Simon Mallal is director of the Institute for Immunology and Infectious Diseases at Murdoch University and a clinical immunologist and immunopathologist at Royal Perth Hospital. He studied Medicine at the University of Western Australia; has managed patients with HIV, autoimmune, and allergic disease in Perth since 1987; and supervises the associated routine diagnostic immunology and molecular biology laboratory. He is a clinical immunologist trained in Internal Medicine and Immunopathology and completed a post-doctoral Fellowship in Infectious Diseases at the Johns Hopkins School of Medicine.

He has had a longstanding research interest in the major histocompatibility complex (MHC) and genetic influences on clinical outcomes in HIV and other diseases. More recently, he has focused on viral adaptation to HLA-restricted immune responses and the implications of this for HIV vaccine immunogen design. His group also studies the genetics and pathogenesis of hypersensitivity to abacavir and nevirapine and the long-term complications of anti-retroviral therapy with a particular focus on mitochondrial toxicity and subcutaneous fat wasting. He was the recipient of the West Australian Premier’s Award in Science in 2005.

Tomer Hertz

Tomer Hertz received his B.Sc. degree in Computer Science and the Amirim Interdisciplinary Program in the Humanities for outstanding students from the Hebrew University in 1999, and his Ph.D. in Computational Neuroscience from the Hebrew University in 2007. He then received postdoctoral training in the Microsoft Research eScience group, working with Nebojsa Jojic.

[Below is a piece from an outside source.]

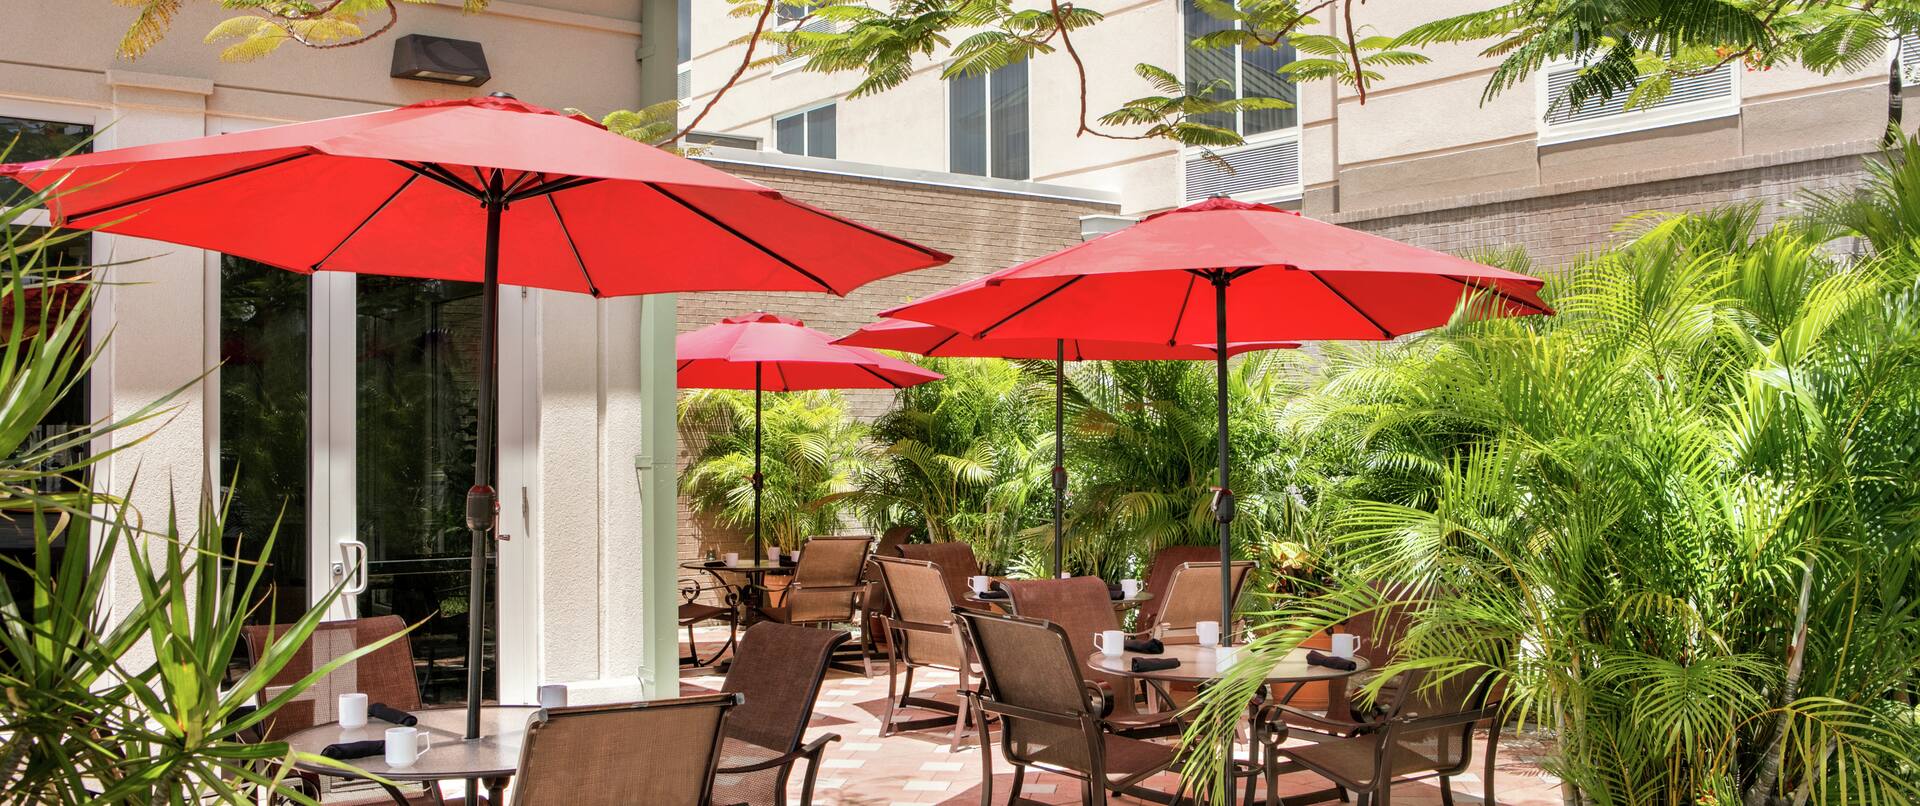 Restaurant Patio Seating with Umbrellas
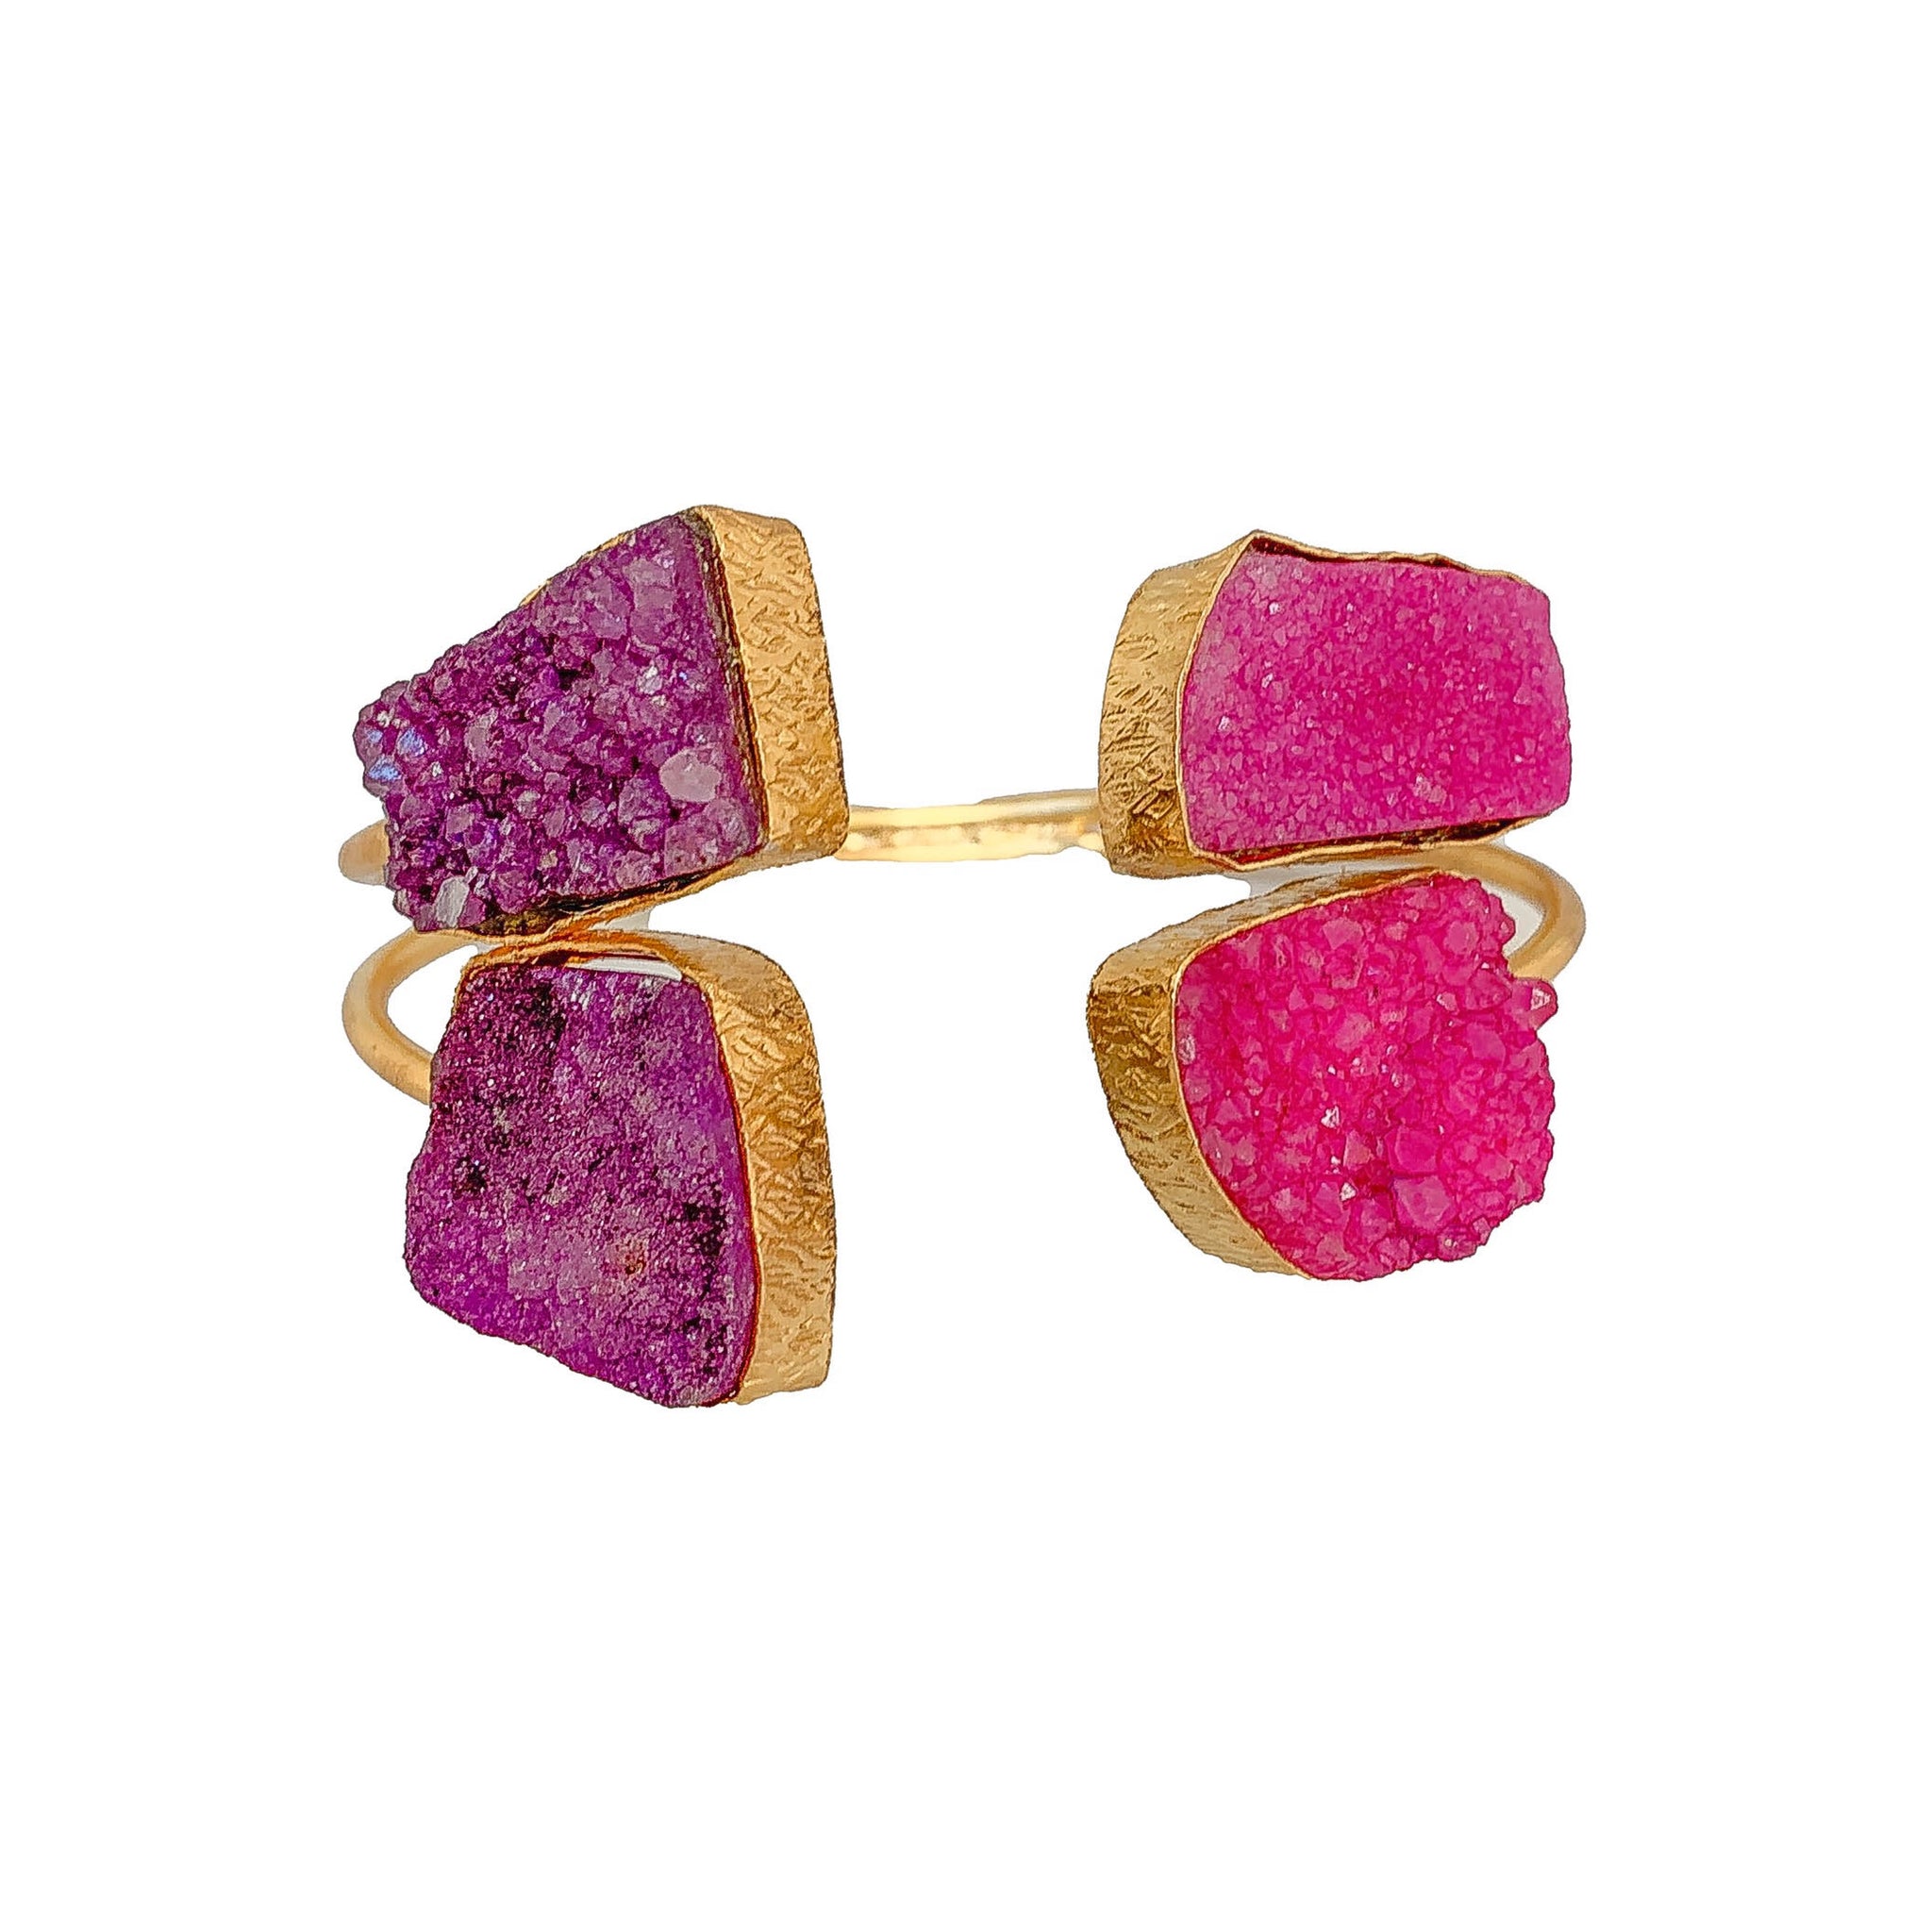 raw stone bracelets | gemstone bracelets | gold bracelets for women by Tanya Litkovska

His general research interests are in machine learning and computational immunology. His research in the field of machine learning focuses mainly on learning distance functions using equivalence constraints, with applications in semi-supervised learning, clustering, and kernel learning. Within the field of computational immunology, he has developed a framework for major histocompatibility complex (MHC) protein-peptide binding prediction and MHC supertype classification. His recent work focuses on T-cell and B-cell immunodominance, HLA binding prediction and its applications in vaccine design, sieve analysis, improved epitope mapping protocols, developing computational models of T-cell immunodominance, and developing a high-throughput platform for high-resolution mapping of B-cell responses by using antigen microarrays.

Nebojsa Jojic

Nebojsa Jojic is a principal researcher at Microsoft Research. Nebojsa is interested in machine-learning approaches to building compact representations of natural signals that reveal patterns of scientific and practical importance.